House debates

Thursday, 17 June 2010

Appropriation Bill (No. 1) 2010-2011

Consideration in Detail

11:49 am

Photo of Mr Tony BurkeMr Tony Burke (Watson, Australian Labor Party, Minister for Agriculture, Fisheries and Forestry) Share this | Hansard source

If there is a view that an increase from $35.1 million to $39.1 million in two years is in some way less than other expenditure and a reduction against CPI, there are rates of CPI being projected by the coalition which, I think, do not reflect what their shadow minister for finance or their shadow Treasurer would be saying is the case. But, Member for Gippsland, if you believe that the CPI is going to be running at those sorts of proportions over the next two years, by all means run that argument. But I do not think your economic spokespeople are matching that argument at all.

In terms of Landcare, the member for New England went a little bit further and just asked: where is government policy taking Landcare? I dealt with a lot of these issues in a speech I gave to the National Landcare Conference in Adelaide. I believe Landcare in the future has to work on three pillars: food, environment and climate. I think those three pillars provide the basic framework for the work of Landcare, where work that has now been going for 20 years for the challenges of the past—whether they be soil degradation, salinity or soil moisture problems through drought—will also deal with a whole lot of climate challenges that we will be facing in the future.

There have been areas where government policy in the first two years of government fell short and which we have acted to fix. Initially, when we got rid of the local facilitators, a number of members of parliament—including the member for New England and, I acknowledge, the member for Corangamite—argued vigorously with me that that was an error. We responded to that and we reinstated the facilitators on a local basis.

Secondly, there are the community action grants.

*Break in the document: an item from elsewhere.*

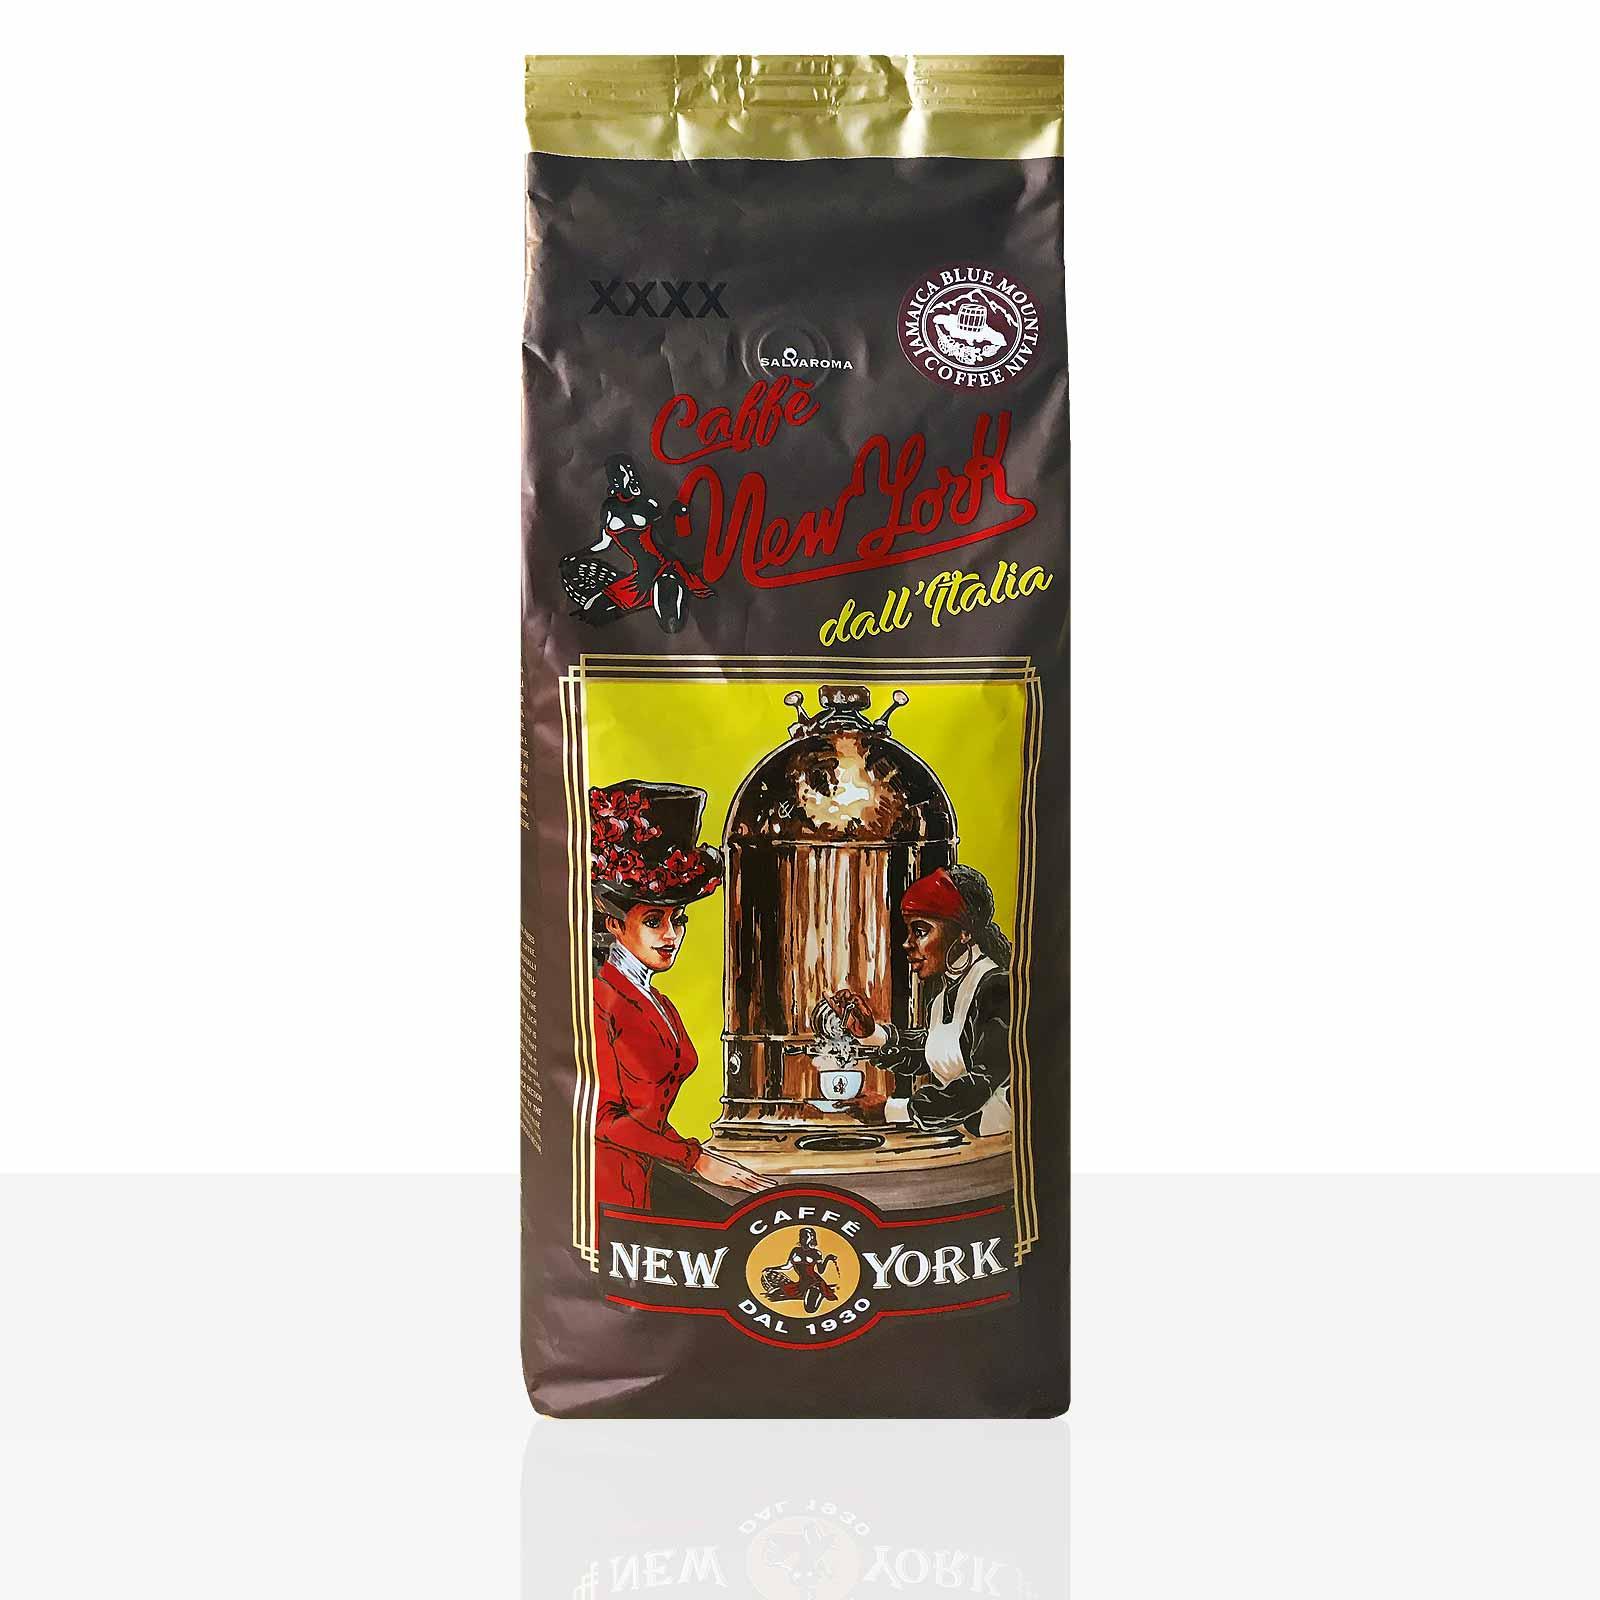 New York Caffe XXXX Espresso 1kg Kaffee ganze Bohne

We had no small grants program. The only way to be able to access grants was to largely work in with a big project through the catchment management authorities or whatever the NRM bodies are called in the various states—certainly for the member for New England it is the CMAs. There were many small groups that felt they were shut out and could do good, practical work with smaller amounts of money than were being made readily available, so the community action grants were introduced.

On the issues surrounding the Liverpool Plains, a large number of those in terms of final policy carriage, to the extent that there is a federal involvement, go to issues within the Department of the Environment, Water, Heritage and the Arts, through the water portfolio, because the issue of quality of downstream water is something that, to the extent it rests with the federal government, rests with that portfolio. But certainly, within the arms of government, my department does feed in information on those issues.

In respect of this, though, there is an issue which was raised by the member for Mayo—which I have skipped; I am sorry. He refers to fertile soil, which is a similar argument to those about the changes in land use. This is something which does not rest at a federal level, and it is being dealt with very differently by different states. Tasmania, for example, has zoned agricultural land in particular ways to be able to make a zoning decision about preservation of fertile soil. One of the particular features of Australia since white settlement has been that people move where the soil is at its most fertile and then put cities over the top of our best soil. It has been an ongoing practice. Some states are now starting to deal with that in new and creative ways, but I do not want to pretend that land zoning is a federal power; it is not.

Finally, on the science of soil carbon, the work that we are doing on soil carbon is less than we had hoped to do. There was an extra $50 million on the table as part of the package surrounding the Carbon Pollution Reduction Scheme for research and development in agriculture, a good part of which was to go to soil carbon, coupled with a system of incentives whereby farmers would get cash for good work in soils. Some of that is now off the table because we were not able to secure passage of that legislation. Certainly, with the funding that we have available, there is more work being done in soil carbon than there ever has been before. It goes in two ways. One is in terms of measurement—not simply measuring the improvement in the soil but measuring how much carbon still finds its way out. The second is working out ways of integrating that with farm practices. There has been one simple rule that I have put over the programs there under Australia’s Farming Future: when research and development are being done into carbon sequestration, I want there to be an alignment between improved carbon levels in the soil and improved productivity. Regardless of where any other policy gets, if you get a productivity dividend, that is the best way of making sure you get uptake by farmers.